Murder Club - Mark Pearson [7]
Then Andrew’s eyes closed as he came, the tension in his thighs and knees relaxing as he collapsed his full weight upon her again, so that she feared she might well suffocate. He snatched the knickers from her mouth and used them to wipe himself.
‘Jeez, you nearly crushed me to death,’ said the woman beneath him.
Then Andrew Johnson opened his eyes again.
And there was no kindness in them.
Half an hour later he was waiting on the west-bound platform of the Bakerloo Line. Waiting for the train to take him to Baker Street, where he would catch his connecting Metropolitan Line train back to Harrow-on-the-Hill.
A small smile broke out on his face as he replayed in his mind what had happened in the flat. The look of fear in her eyes. The thought of it aroused him once more. He moved his hand surreptitiously down and stroked himself through his trousers.
The sound of a train clattering in the tunnel did little to distract him from his dark thoughts. Past and future pleasures imagined. He smiled again.
A hand fell on his shoulder.
4.
‘I CANNOT TELL you what was in the man’s mind. I have had a jumper once before. A woman – she put herself in the path of my train. Her motion was such that it indicated no panic, no fear, but a resigned acceptance of her fate.’
‘I see.’
‘But this man, his face was not towards me, his arm was raised. Maybe in a farewell gesture. I would simply be speculating if I were to say what his motivations might have been.’
Detective Inspector Tony Hamilton nodded and made a note in his book. ‘I was simply asking if you thought it was a suicide, or if you saw someone push him?’

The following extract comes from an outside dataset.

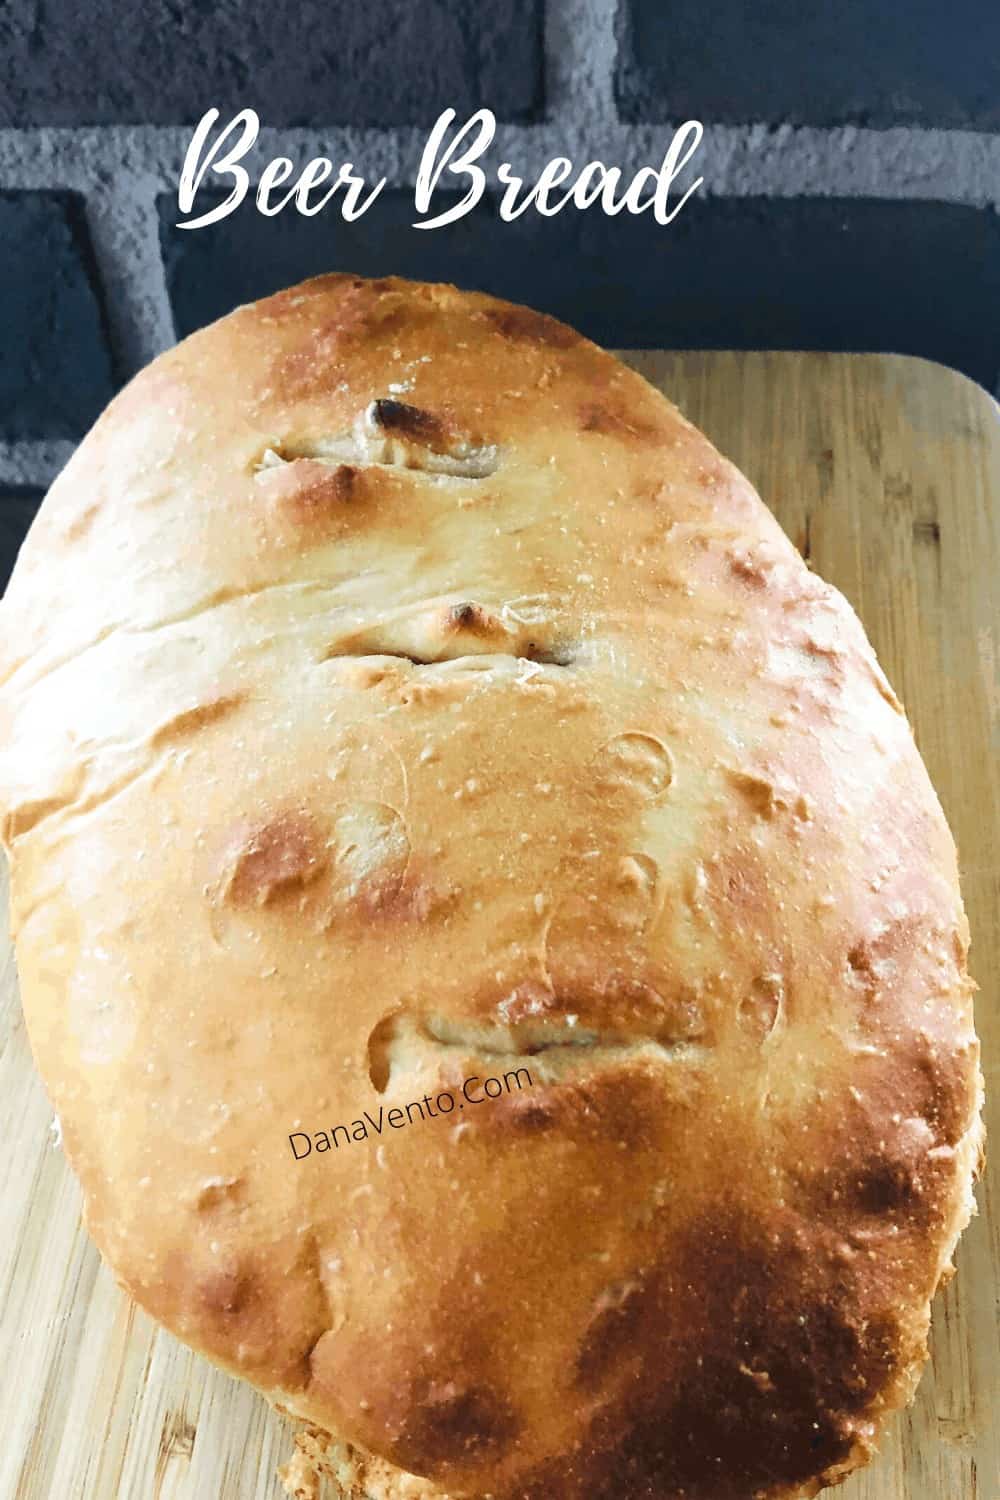 Loaf of bread made with beer and olive oil

The train driver was a tall man, in his early fifties, Tony would have guessed, with long, but neat, greying hair and half-rimmed tortoiseshell glasses perched on the end of a long, aquiline nose. There was something stork-like about him, Tony decided.
‘If someone pushed him, I don’t recall seeing it. My focus was straight ahead.’
‘Ken here used to be an English teacher,’ said Terry Randall, one of the two transport policemen who were assisting him with his enquiries into the suicide of an unknown man who had jumped in front of a west-bound Bakerloo Line train at Piccadilly Circus station. Constable Terry Randall, like the train driver, was in his early fifties, but was shorter, squatter and had a sour expression on his face that showed what he thought of the Metropolitan Police invading what he perceived as his territory. Back in 2006 Sir Ian Blair, the then head of the Metropolitan Police, had wanted a single police force in the capital. He had proposed absorbing the British Transport Police into his force, and this was agreed to by the then Mayor of London, Ken Livingstone, bringing it under the control of the Home Office. But it never happened and the two forces remained separate entities. The only difference being that constable was as high as the BTP’s law-enforcing ranks rose. Any serious crimes and the Met would be brought in. Some constables like Randall resented it, but his colleague, Constable Emily Wood, didn’t mind. She was in her early thirties, blonde-haired with a bubbly sense of humour, and she obviously liked the look of the tall, dark-haired detective.
‘Couldn’t face the horror of it, could you, Ken? And so became a train driver.’
‘My doctor advised that I take a less stressful occupation some years ago,’ agreed the thin man. ‘I have always been interested in trains, electric and steam, and my pension was such that I could indulge my hobby and remain in full-time employment.’
‘Is it easy to become a Tube driver?’ asked DI Hamilton.
‘Why’s that, Detective?’ asked Emily Wood. ‘Thinking of hanging up your truncheon?’
Tony smiled at her. ‘I’m a detective, remember. I don’t carry a truncheon.’
The female constable quirked an eyebrow at him, suggesting she thought that might not strictly be true. He had to force himself not to smile as the driver answered his question.
‘It’s not easy, no. Vacancies are rare. To get on the handle isn’t as easy as some people think.